The statement drew strong bipartisan criticism in Congress and cannot have pleased administration officials. Strongly supportive of the president’s overall national security goals in the Indo-Pacific — a denuclearized, prospering North Korea and a peaceful, reforming, fair-playing China — they often are caught unprepared by his short-term tactical maneuvers.
More importantly, on the connective tissue between tactics and end goals — the strategy that knits them together — their thinking has substantially diverged. Trump’s more transactional approach assumes that positive personal relations between leaders and mutually beneficial economic arrangements can bridge nationalist and ideological differences. Despite his dramatically different operating style, his basic policy orientation is not fundamentally different from that of prior administrations. It is the Cold War concept of “peaceful coexistence.”
By contrast, from the start of the administration — and with the president’s approval — Trump’s key national security and foreign policy people have enunciated a coherent set of principles and positions on human rights and security issues that address essentially unbridgeable conflicts with the communist regimes in China and North Korea.
Trump himself stated, in announcing America’s new National Security Strategy in 2017, that it was a return to “principled realism.” That meant being “clear-eyed about global competition [and] the central role of power in world affairs [but] grounded in the knowledge that promoting American values is key to spreading peace and prosperity around the globe.”
Both Trump’s personal-centric methods and his administration’s concept-driven approach pursue the same goal: disrupting the disruptors of the post-World War II, U.S.-led international order and their existential threat to the values and interests it protects.
The protracted and disastrous public health, economic and security consequences of the China-originated coronavirus pandemic seem to have caused some presidential rethinking about the value of cultivating personal “friendships” with the likes of Xi and Kim, given the nature of the political systems they head.

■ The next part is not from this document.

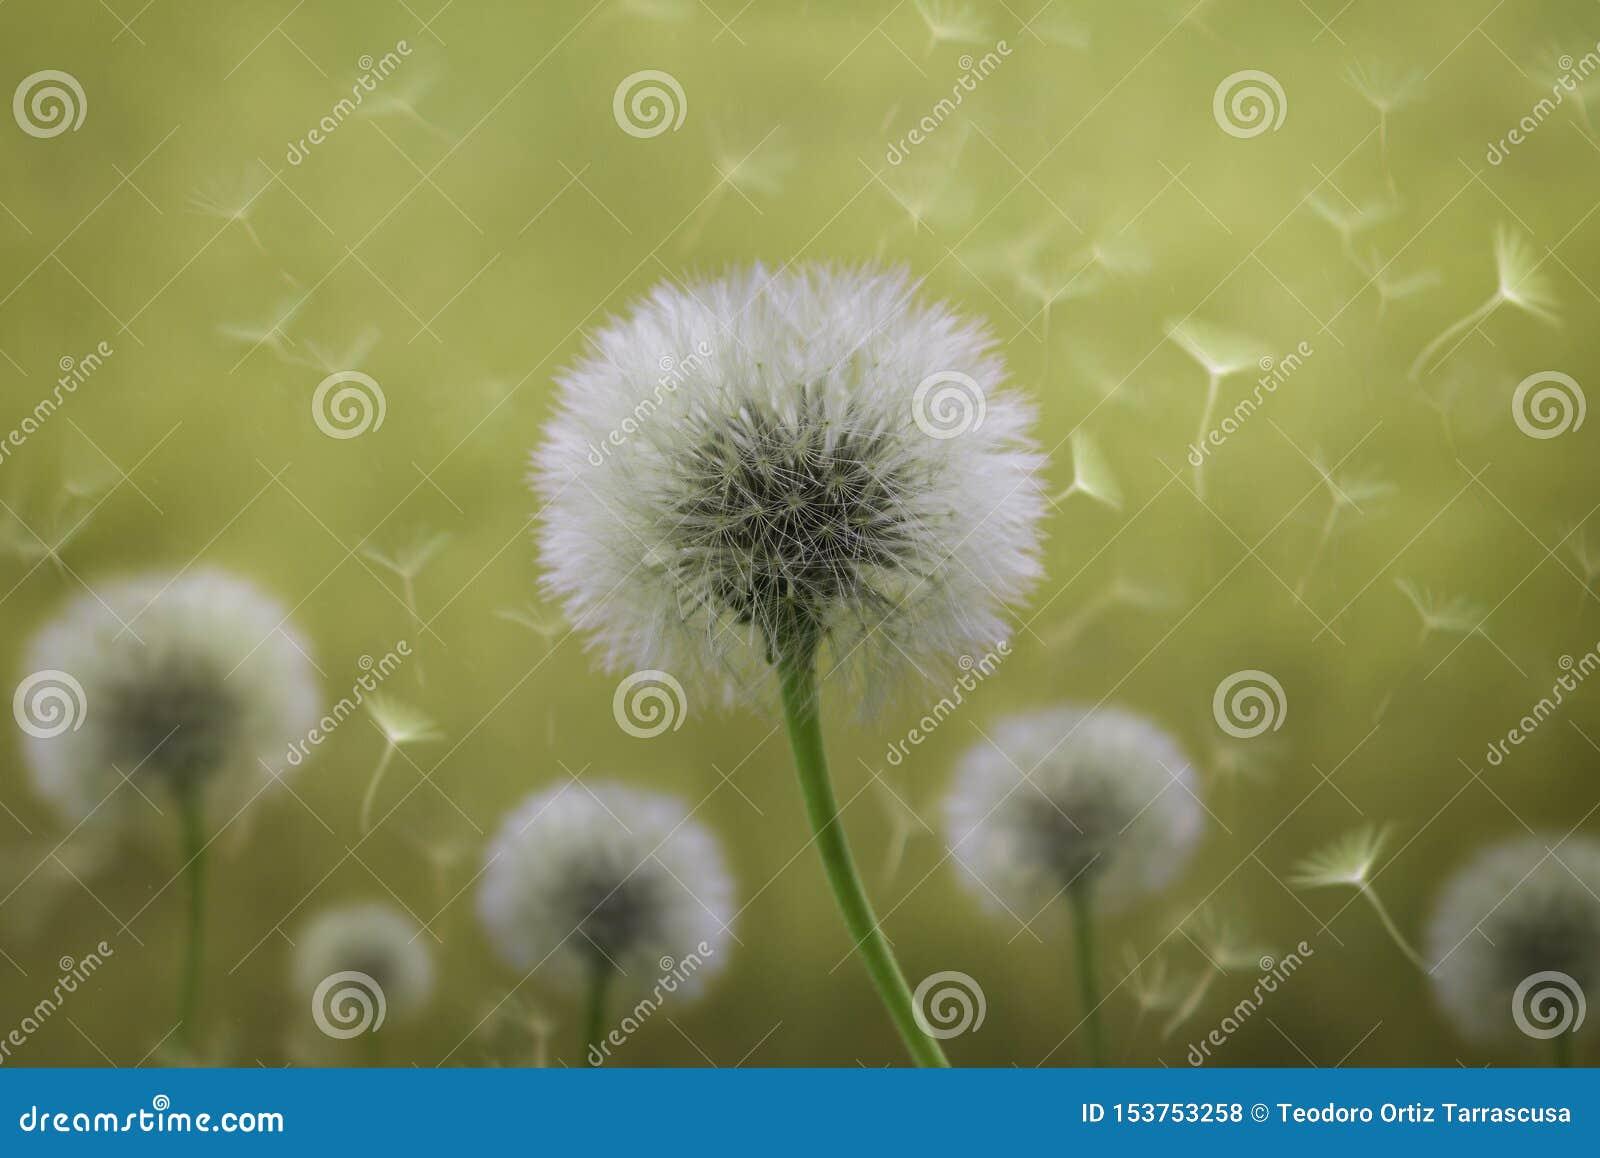 Single Dandelion Seedling Clip Art

With the policy base Trump and his administration have built, they are uniquely positioned to advance the evolving geopolitical dynamic in ways that favor the United States and the West. Despite the widespread criticism of Trump’s unilateralism and brusque treatment of allies, NATO Secretary General Jens Stoltenberg credits the U.S. president for the allies’ increased contribution to the alliance’s common defense against the immediate threats from Russia and Iran.

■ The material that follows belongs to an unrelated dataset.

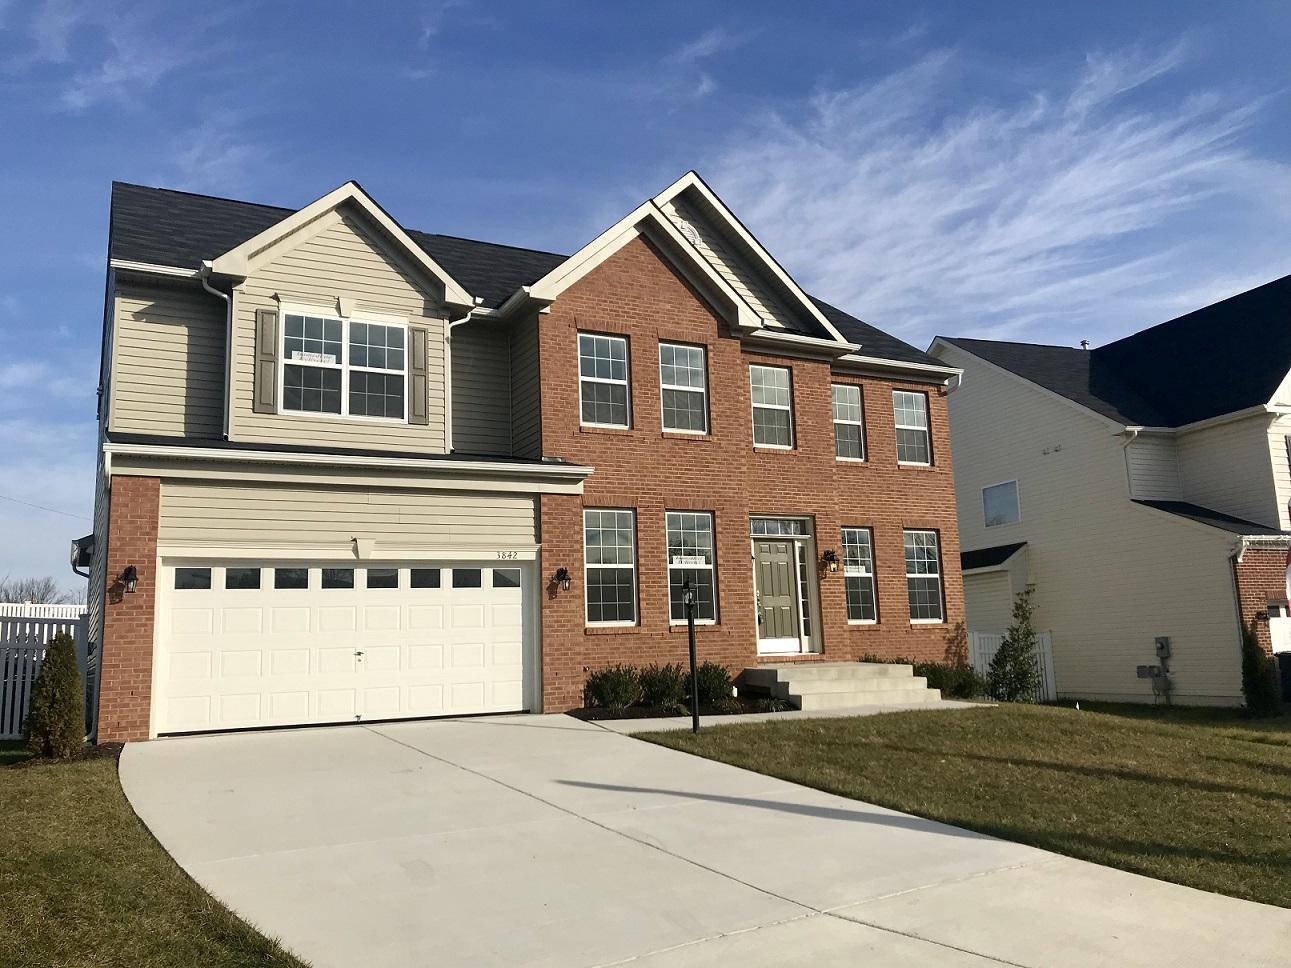 Clarkes Crossing By Nvp Inc New Homes For Sale Woodbridge Va

But Stoltenberg recently went further, all but explicitly endorsing America’s Asia security policies. He said China’s rise has created a “fundamental shift in the global balance of power. … NATO allies must face this challenge together.” He specifically called attention to Beijing’s increasingly aggressive moves in the South China Sea, where the U.S. Navy is conducting regular freedom of navigation operations.
If Trump continues to approve his team’s substantive approach in implementing his policy objectives, the free world’s prospects will continue to improve.
Joseph Bosco served as China country director for the secretary of Defense from 2005 to 2006 and as Asia-Pacific director of humanitarian assistance and disaster relief from 2009 to 2010. He is a nonresident fellow at the Institute for Corean-American Studies and a member of the advisory board of the Global Taiwan Institute.